4.3. The indicators dataset is untidy as:
unit of analysis is a country-year pairing; but
the year variable is spread across multiple columns, with the year values (e.g 2015) saved as the column (variable) names. This breaks the first tidy principle that each variable must have its own column.
income and population variables do not have their own columns, thus each country-year observation is split across multiple rows. For example, income and population observations for the year 2015 are split into two rows.
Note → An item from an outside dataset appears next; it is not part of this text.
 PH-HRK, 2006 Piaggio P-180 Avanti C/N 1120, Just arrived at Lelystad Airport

This breaks both the first tidy principle and the second principle: Each observation must have its own row.
4.4 To tidy the indicators dataset, we:
Correct year values (e.g rename 2015 [YR2015] to 2015) using rename.vars() function
Use the gather() function (tidy) to gather all years into one column (“Year”)
Use the spread() function (tidy) to spread the population and income variables into separate columns.
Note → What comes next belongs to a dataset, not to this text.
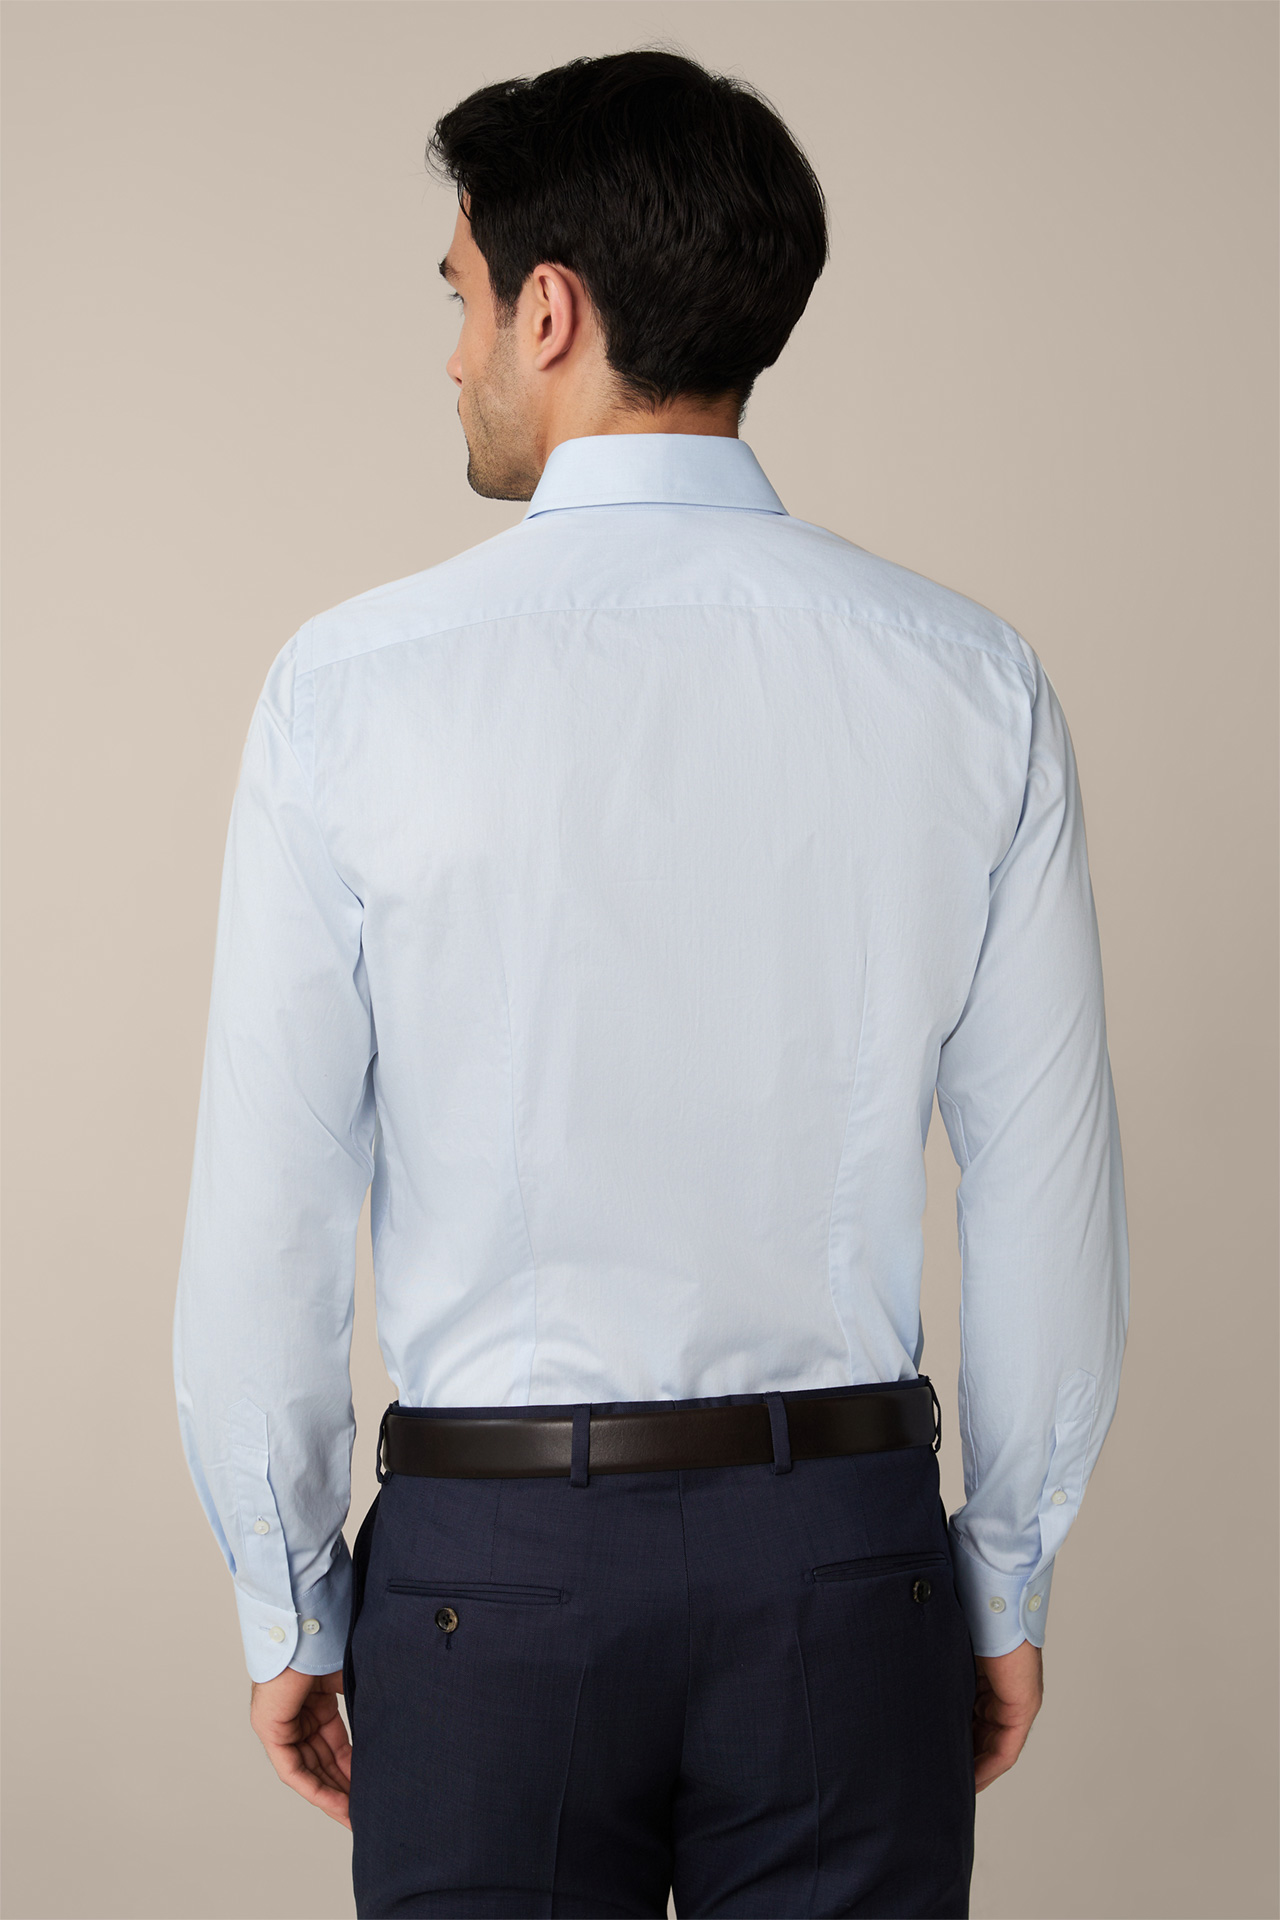 The Trivo Twill shirt in light blue

4.5 The population and income column names were also simplified using rename.vars() function.
Merging
4.6 Before merging disasters and indicators, disasters must be transformed from event-level data into annual-level data for each country. We use group_by() and summarise() functions (dplyr) to aggregate the death and damages variables by country and year only, so that all other variables are dropped. Using dim() function, this reduces the:
observations from 1886 to 604, indicating that multiple disaster events occured within a given year and given country.
columns from 43 to 4, as required for the merge.
4.7 The datasets can now be merged. indicators will be our primary dataset. The datasets will be merged using left_join() (dplyr) as we want to add the variables from the two datasets as columns to indicators. Checking the dimensions of indicators (dim() function), we should end up with 1085 observations, and 8 columns (once income group, total deaths, and total damages are added).
4.8 Merge procedure:
Left join indicators with incomegroup dataset, selecting only “Code” and “Income Group” as our columns of interest, and use the country code columns in both datasets as the matching variables (“Country Code” and “Code”, respectively).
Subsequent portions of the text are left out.